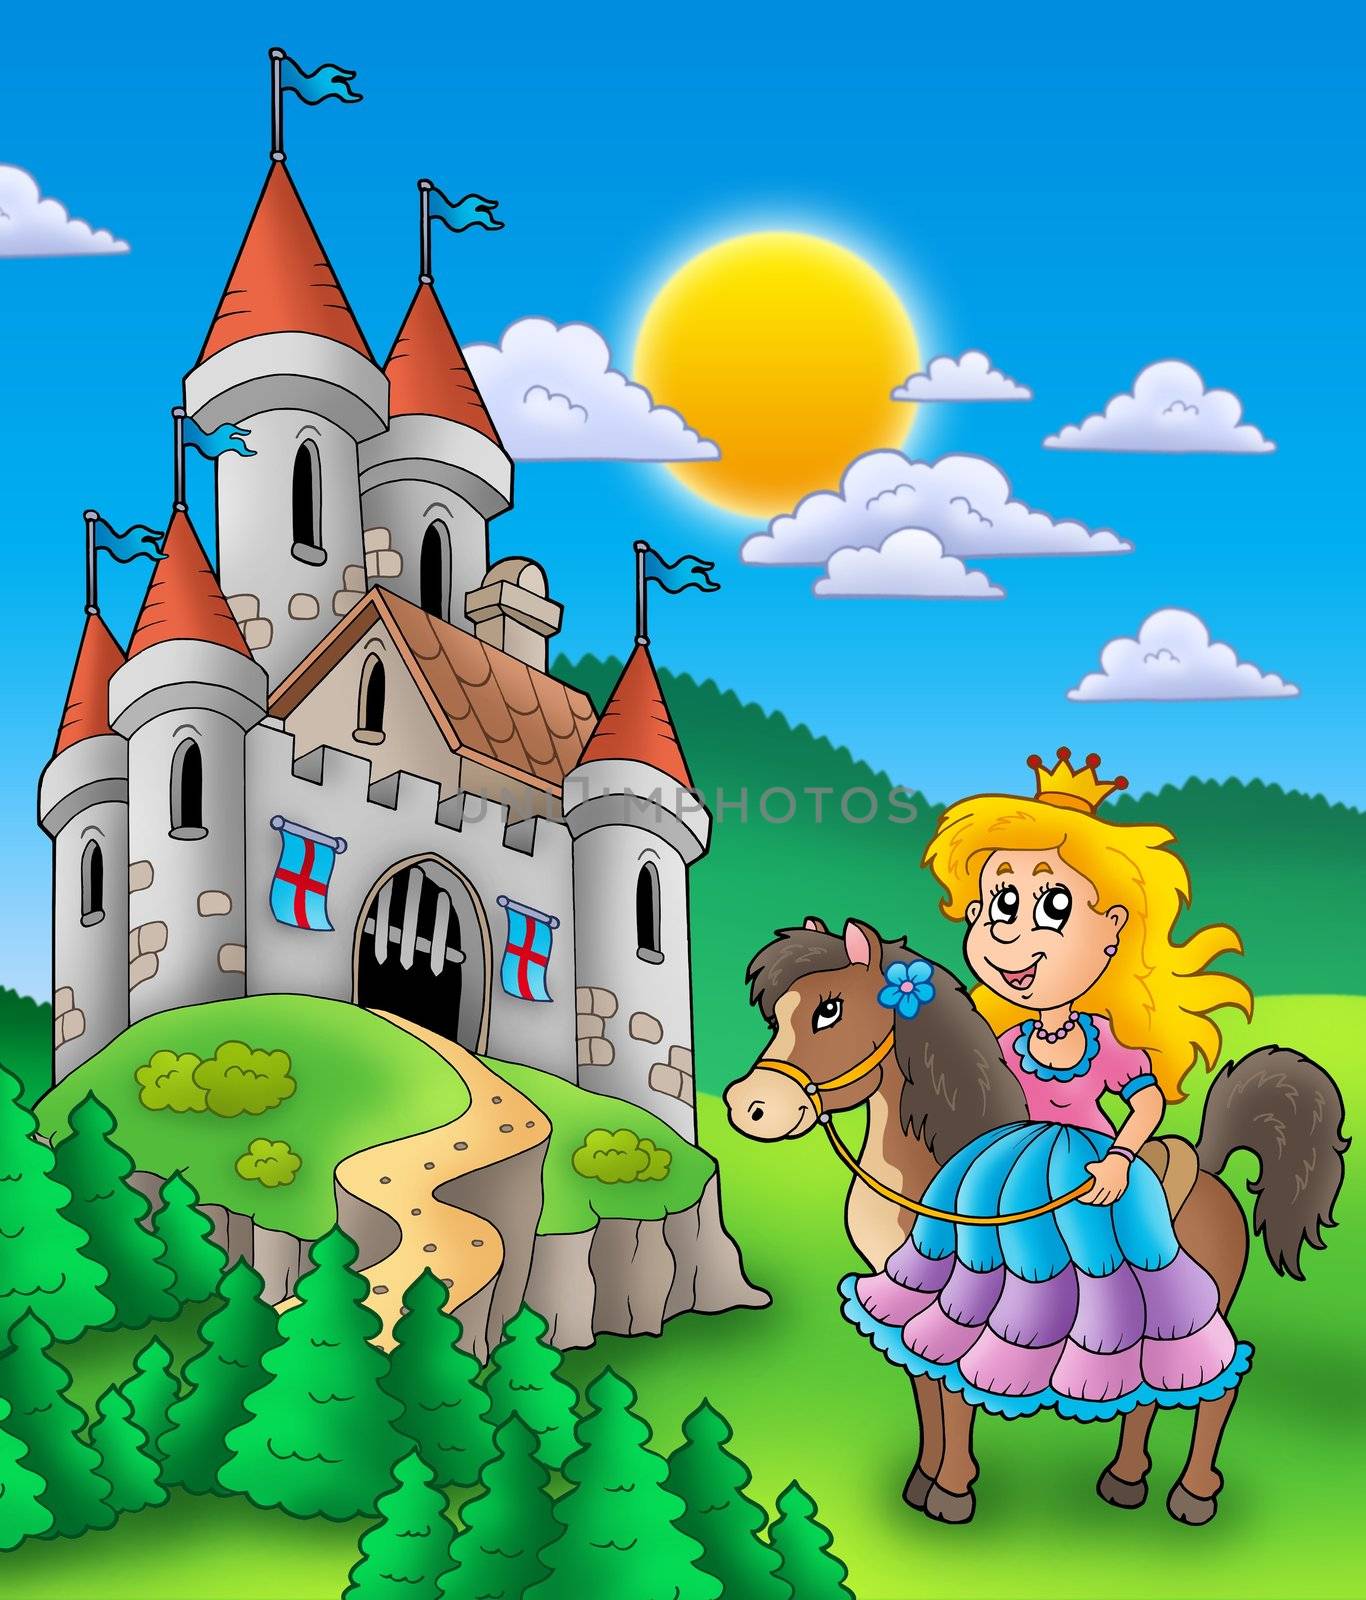 Princess on horse with castle by clairev
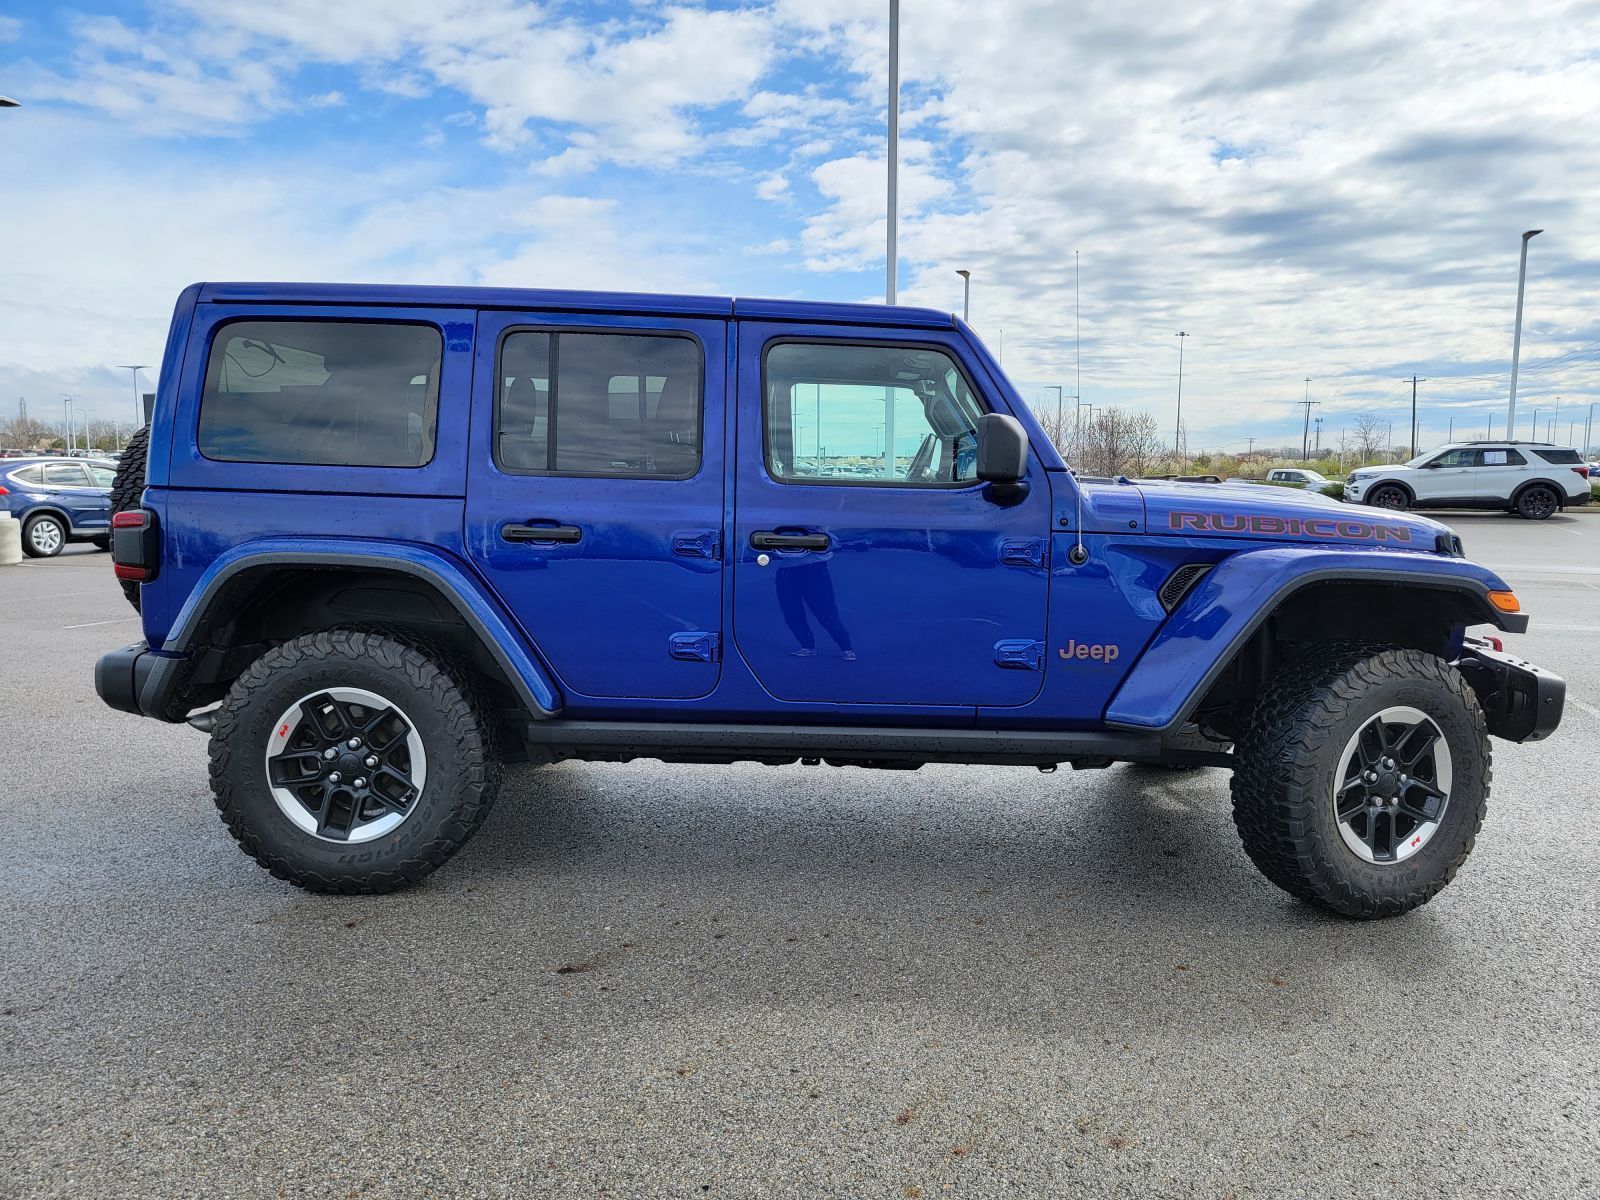 Used, 2019 Jeep Wrangler Unlimited Unlimited Rubicon, Blue, P0529-10
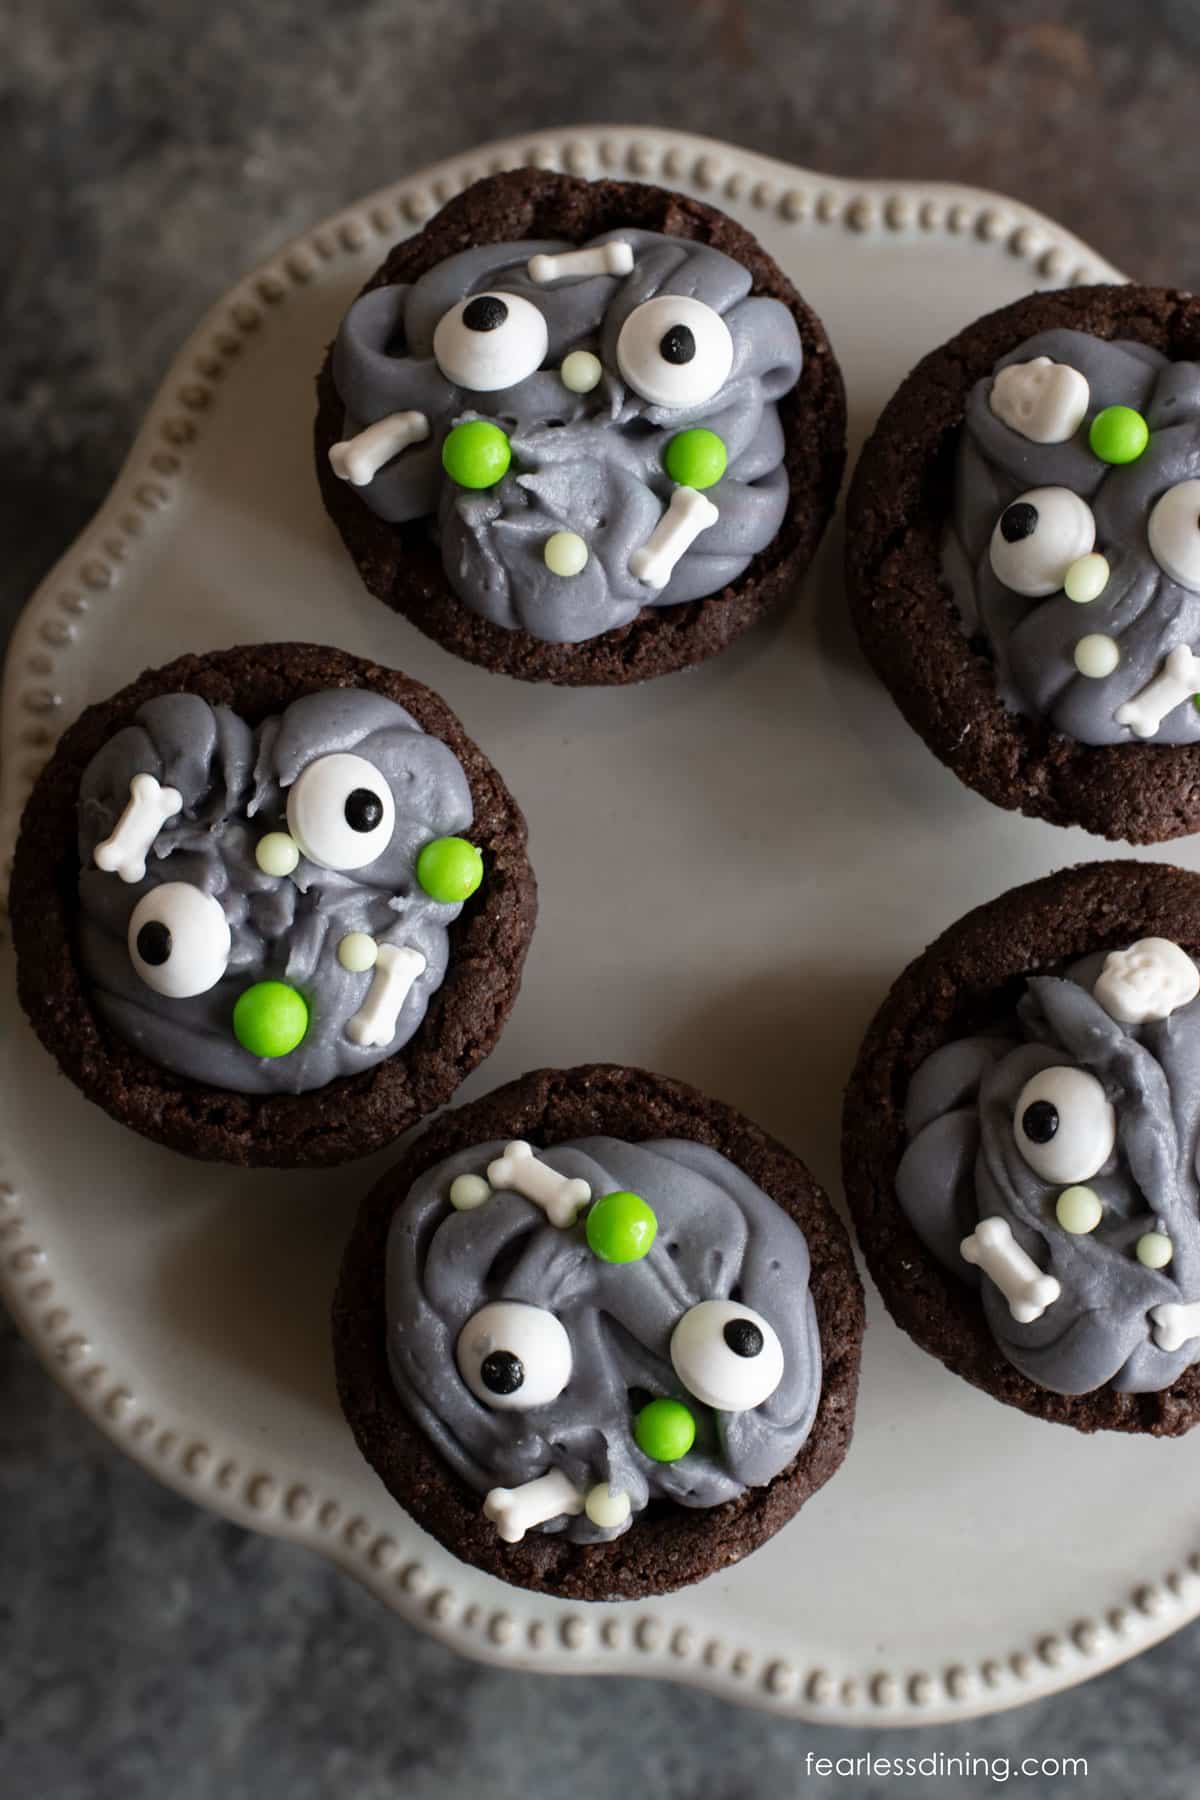 A small serving platter with chocolate cookie cups decorated like monsters.
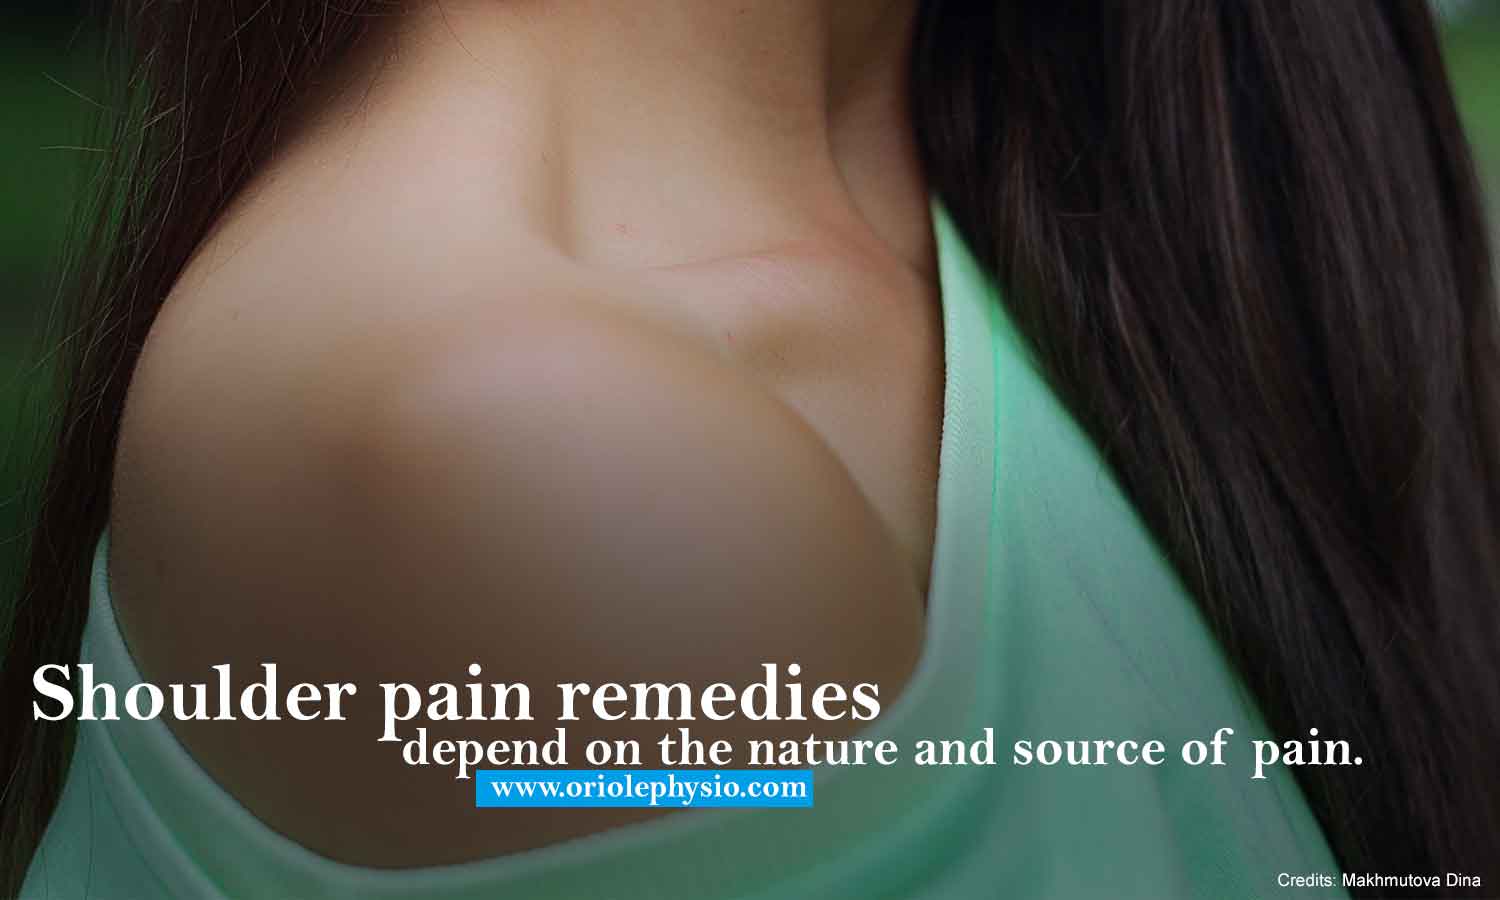 Shoulder pain remedies depend on the nature and source of pain.

▶ **Exercise instructions**
This task calls for the listing to be restated exactly, with images omitted.

▶ **Response to this exercise**
 Princess on horse with castle by clairev
 Used, 2019 Jeep Wrangler Unlimited Unlimited Rubicon, Blue, P0529-10
 A small serving platter with chocolate cookie cups decorated like monsters.
 Shoulder pain remedies depend on the nature and source of pain.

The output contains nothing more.